Detective Farrell went over and stared down at the body. He hung his hand forward and pursed his lips like a gargoyle. “Shit,” he said. He walked around the room until he came to the window, then stared up at the surrounding buildings silently for several long minutes.
“Why don’t you warn him off?” I said, if only to awaken him.
“We tried, but there wasn’t a byline on the stories, they were just credited to a special correspondent,” Farrell said. “And surprise, surprise, the newspaper’s editor refused to reveal their sources.”
“The real fear,” he continued, “is that killers sometimes like to return to the scene of the crime. And this killer does this whole weird human sculpture thing.”
“I remember this guy’s face pretty clearly.”
“Well, he probably isn’t the murderer. The killer is obviously smart, or we would’ve caught him by now. And this murder officially makes him a serial killer.”
“This is the third?”
“The third that we know of, but I wouldn’t be surprised if there are others we don’t know about. Look at this weird shit.” He pointed to the corpse.
“They’re all tall with blonde hair.”
“Maybe his ex was tall?”
“I think the reason he looks for tall gals is because of this whole structure he makes.” He pointed to the bound limbs. “He wants them nice and erect.”
“She’s holding a card in her hand.”
“Yeah, the last one had an expired Metrocard, and some tacky bracelet on her other wrist, too—but it really varies here.” He pointed to the poor woman’s skull. “In the first murder, he moved the head up over there, and he carved the number 9 on the vic’s forehead. The second one, he cut the number 2 on her forehead and put the head over there.” He pointed to the right.
“It’s like some perverse work of art, isn’t it?”
“Shit! I definitely should’ve had this joint staked out.”
“How could you know he’d bring her here?”
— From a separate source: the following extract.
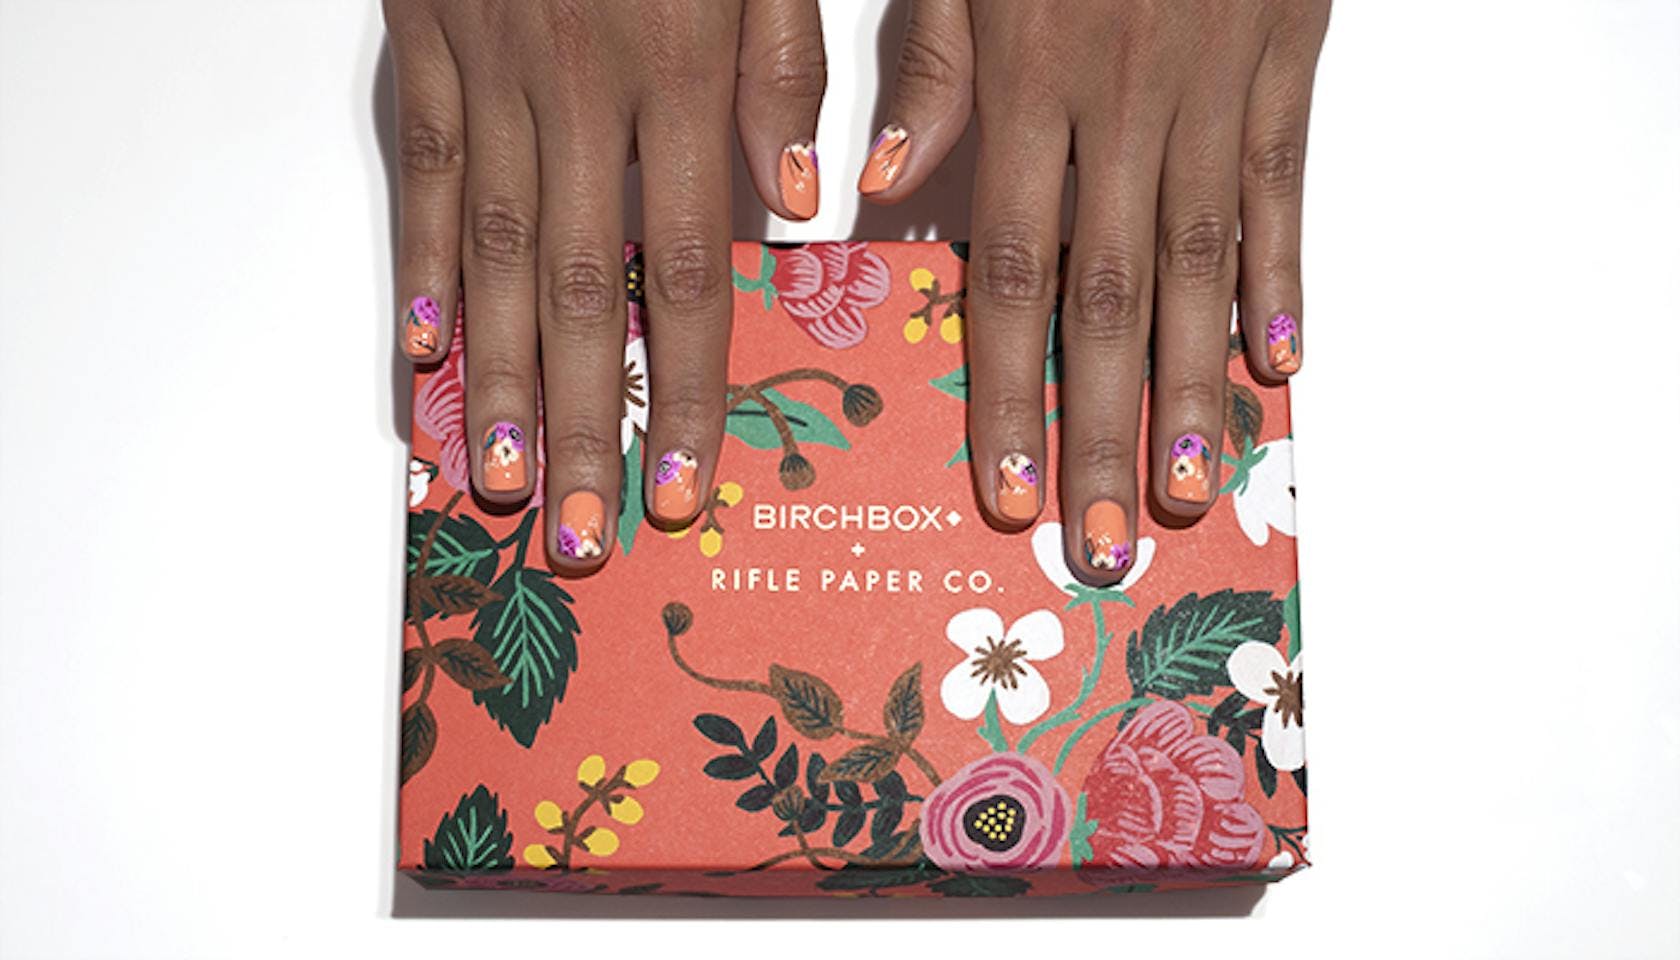 10. Sunflower Coffin Nails for a Bright and Cheery Look - wide 5

“It’s one of the only three places he could’ve brought her.”
“Isn’t this area loaded with fleabag hotels?”
“Not anymore. Everything’s either been zoned or priced up. Ten, fifteen years ago you could rent rooms by the trick, screw, strangle, and be out in twenty. But all the streetwalkers and car johns have moved online or up to Hunts Point.”
“I’ve seen streetwalkers around here,” I said.
“Yeah, you still get a few desperadoes along Lex—but all our vics are from escort services. And the hotels around here are strictly all-night affairs. Some of the rooms are three, four times the price of the girl. But aside from being one of the cheapest, this crap-ass dive is one of the last three hotels in the area that doesn’t even have a video setup in the lobby.”
He let out a big sigh and muttered, apparently to himself. “Fuck, Bert would’ve had them all staked out—at least for a week after the last girl. Course, he had the power to authorize that and I don’t.”
“Someone must have seen something.”
“The clerk here said he had no recollection of the john, just the girl. We were luckier at the last scene. The clerk there clearly remembered the vic and her john.”
The detective pulled out a creased sketch that looked eerily similar to the one I remembered of the Unabomber. He could’ve been anywhere from forty to sixty, and wore dark sunglasses and a loose hoodie.